Advances in Nutrition
- Discipline: Nutrition science
- Language: English
- Edited by: Steven A. Abrams, MD

Publication details
- History: 2010-present
- Publisher: American Society for Nutrition
- Frequency: Bimonthly
- Impact factor: 9.2 (2024)

Standard abbreviations
- ISO 4: Adv. Nutr.

Indexing
- ISSN: 2161-8313 (print) 2156-5376 (web)
- LCCN: 2011208392
- OCLC no.: 830970925

Links
- Journal homepage; Online archive;

= Advances in Nutrition =

Advances in Nutrition (subtitled: An International Review Journal) is a monthly peer-reviewed medical journal publishing review articles in the field of nutrition science. It was established in 2010 and is published by the American Society for Nutrition.

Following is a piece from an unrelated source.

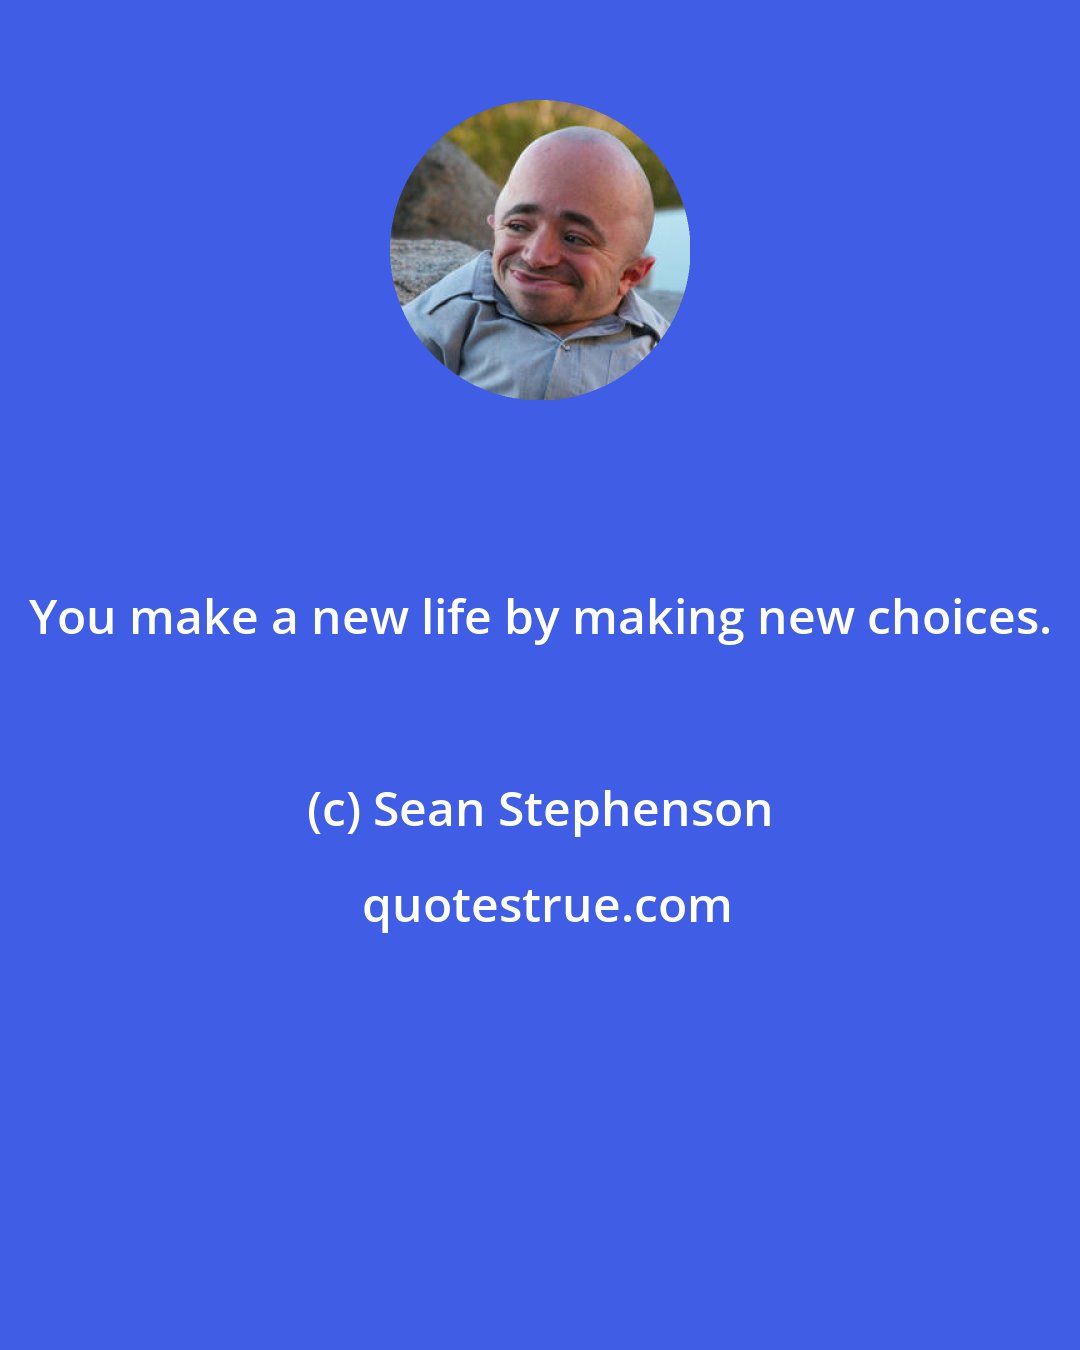 Sean Stephenson: You make a new life by making new choices.

The editor-in-chief is Steven A. Abrams, MD (Dell Medical School at the University of Texas at Austin). According to the Journal Citation Reports, the journal has a 2025 impact factor of 9.2.

== Aims and Scope ==
Advances in Nutrition (Adv Nutr) is an international review journal that publishes literature reviews focused on key findings and recent research in all areas relevant to nutritional scientists and biomedical researchers. This includes nutrition-related research efforts involving biochemical, molecular, and genetic studies using experimental animal models, domestic animals, and human subjects. The journal also emphasizes clinical nutrition, nutrition education, epidemiology, and public health. Review articles highlight progress made in recent years rather than covering research developments over a broad historical period.